Barbier: No, we think of our economy as being a trickle-down economy, where growth in GDP for our entire economy trickles down to benefit everybody down to the local level. But in the policy world, we have this potential for trickle up. And in fact, the whole change in attitude toward climate has occurred because tornadoes are devastating, just as much in red and blue states. And that has led people to realize we have got to do something at least about adapting to climate change, if not trying to mitigate and keep it as minimal as possible moving forward.
Host: For some, there can really be a feeling of hopelessness that the economy has been dictated one way for so long that it is almost impossible to turn things around, and to do so would maybe even be catastrophic economically. You always hear that the industries that have long been around that would devastate the economy. What would you say to that?

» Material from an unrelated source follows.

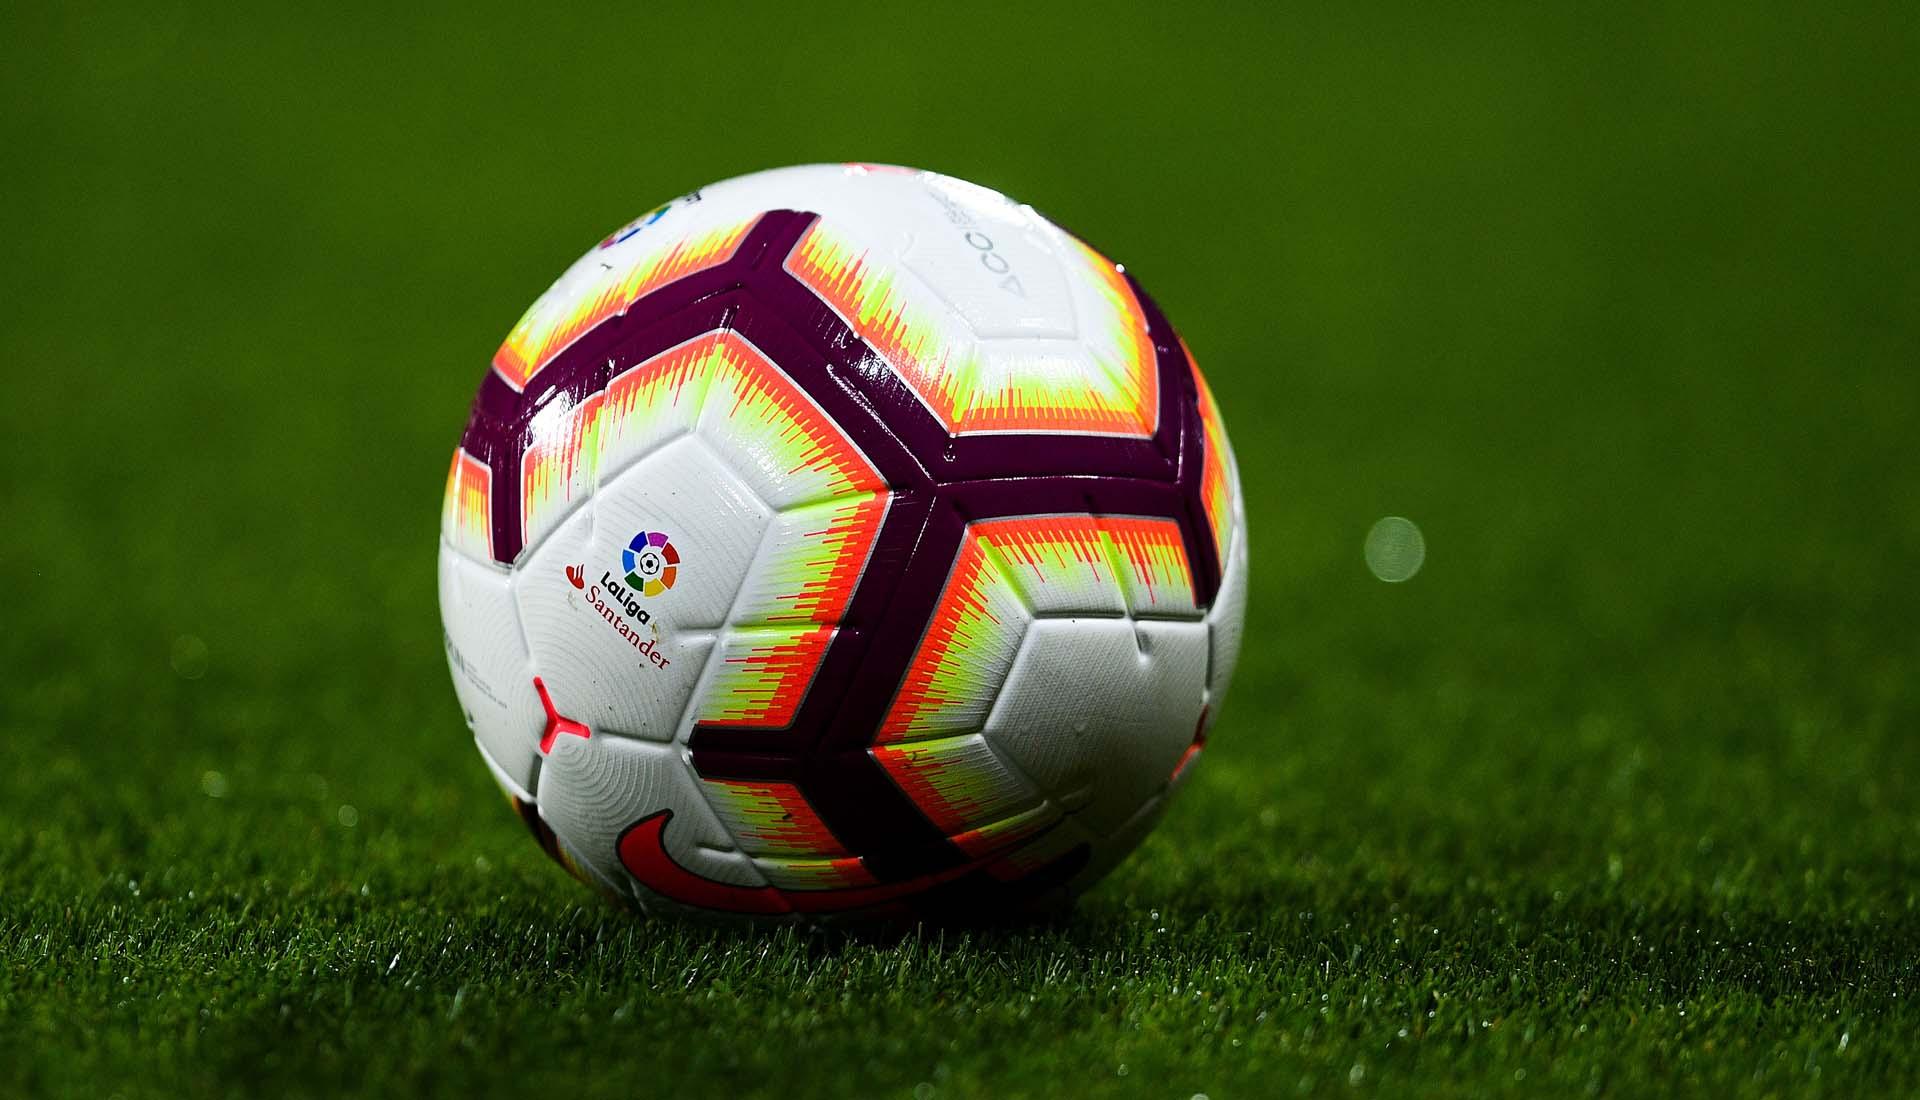 75ddaddb89d PUMA Announce Official Match Ball Deal With La Liga - SoccerBible.

Barbier: Well, there's two different aspects to this problem. One problem is a misunderstanding about how economic systems work. Economic systems are always evolving, always developing, always innovating, and always trying to look for more productivity. If we look at the green industries as not just agents of change, but as agents of innovation and new sources of productivity, new markets that can grow and develop, then we can see that, as we've seen throughout our economy, the evolution of new industries and new services and new manufacturing capabilities, that can boost our economy. All we have to do is go back 20, 30 years and look at what's happened in the tech revolution. Those technologies that we so depend on today, such as the internet, laptop computers, these types of technologies didn't exist 20 or 30 years ago. Whole industries have come up. Whole sources of employment have come. A transition to a green economy is not necessarily bad for the economy. I would argue it actually can be good if we manage it correctly. That's one problem. The second problem is that sense of hopelessness is a real issue, because the risks that we're facing that we need to control and manage are very large-scale risks climate change, water scarcity, loss of biodiversity, land use change and deterring oceans and coasts. These are big challenges. And so, it is easy for the average individual to feel overwhelmed and hopeless and not seeing government do enough. And, if we focus on what's happening at our national level, we get frustrated. But if we look more closely locally and, in our states, not only can the average individual relate more to what's happening at that level, we can do more to influence what's going on. That's why we're seeing the policies in Colorado and Fort Collins in particular come about, is because it's local citizens that have been able to be active and influence policy, and policymakers have to respond. When your voters live next door to you, you tend to respond more than if they live 2,000 miles away.
Host: All right. So that kind of goes back to the think globally, act locally.
Barbier: I think it's a truism, but some truisms are actually true.
Host: Well, thank you so much for your time. I appreciate it.
Barbier: Thank you. Stacy.
Host outro: That was Colorado State University Distinguished Professor Ed Barbier speaking about how we can build a greener economy. I'm your host, Stacy Nick. And you're listening to CSU's The Audit.